Throughout Daryl’s verbal barrage, Nocona neither changed his posture nor acknowledged his presence.  His arms remained raised, and his lips twitched as he whispered an ancient prayer.

“Do you hear me?!” Daryl shouted.  “Get lost!”

His words not provoking any response from the old man, Daryl pushed him roughly.  Nocona staggered back a few steps, lowering his arms for balance and opening his eyes for the first time.  He stared at Daryl, offering no response to his aggression other than to continue murmuring his prayer, his face devoid of expression.

Daryl watched Nocono for a moment, before finally throwing up his hands in disgust.

“This guy’s lost it,” he exclaimed in exasperation.  “He’s a loony.”

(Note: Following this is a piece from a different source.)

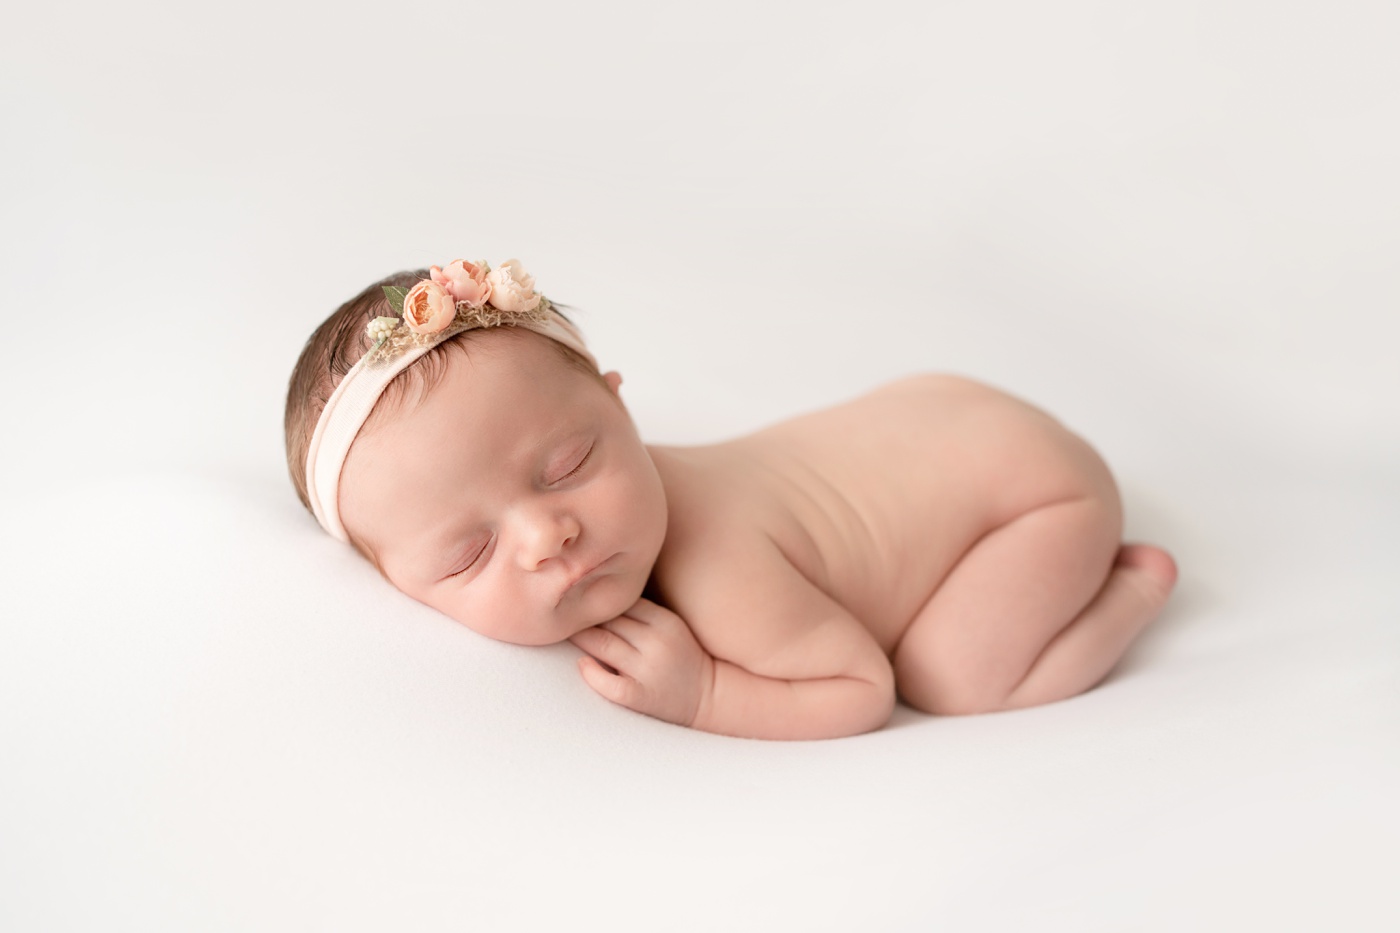  newborn baby girl laying on cream backdrop woith a pink headband sleeping curled up with her hand under her chin

“Then let’s just go back inside,” appealed Lana uncomfortably.  “He’ll go away on his own.”

Lana put her hand on his shoulder, and Daryl pointed angrily in Nocono’s direction.

“Stay away from my house!”

Nocono watched as the couple turned and headed back inside, with Daryl slamming the door roughly behind him.  He saw the curtains flutter as Lana pulled them closed.

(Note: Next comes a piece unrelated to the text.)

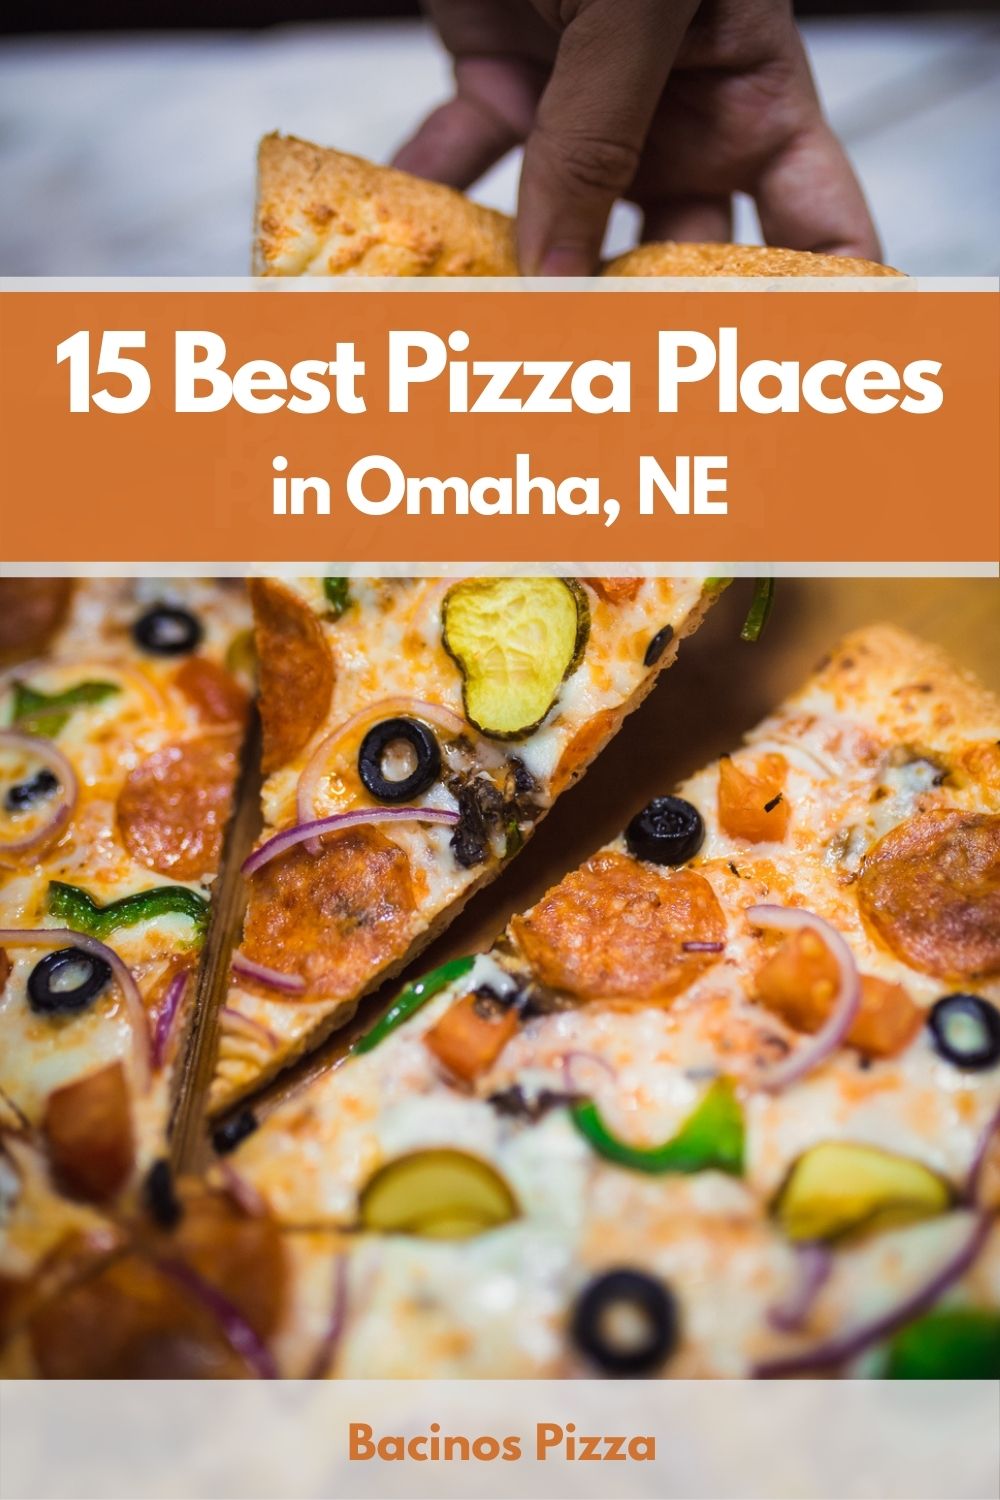 15 Best Pizza Places in Omaha, NE pin 2

Kitchesmanetoa’s memory is long, thought Nocona as his face contorted in rage.  And her vengeance shall not be denied!

The wind began to rise, swirling dust and leaves into the air as some invisible power coalesced around Nocona.  His body at first trembled, then shook, though he remained steady on his feet.  With a powerful violence that belied his age, Nocona thrust his hands upwards into the air, palms open.  Slowly, he curled his fingers, seemingly clinging to something that was very real despite its impalpability.  As he did so, the trembling and shaking radiated away from his body and into the ground, into the mound, and into the foundations of the home.

Through scowling eyes, Nocona saw the front door burst open.  Daryl leaned out, his hand still on the knob.

“What the hell is…” Daryl shouted above the noise of the wind, now a powerful, whistling gale.

Before he could finish his sentence, Nocona punched his clenched fists downward, bending under the ferocious intensity of an action that he performed but did not fully control.  Instantly, the mound cavitated, and the house that had stood upon it for more than eighty years crashed into the inky blackness of a seemingly bottomless pit.  The sounds of shattering glass, snapping beams, gnashing brick, and two terrified human screams emanated from the shaft as the home tore itself apart in its descent.  

The upraised sides of the mound rolled in upon themselves, and in seconds, all that remained of 4657 Waterford Street was a cracked driveway leading to a dark brown expanse of recently churned soil.  Nocona approached and, slowly stepping out of his moccasins, gingerly planted his feet into the soft earth, the land of his ancestors.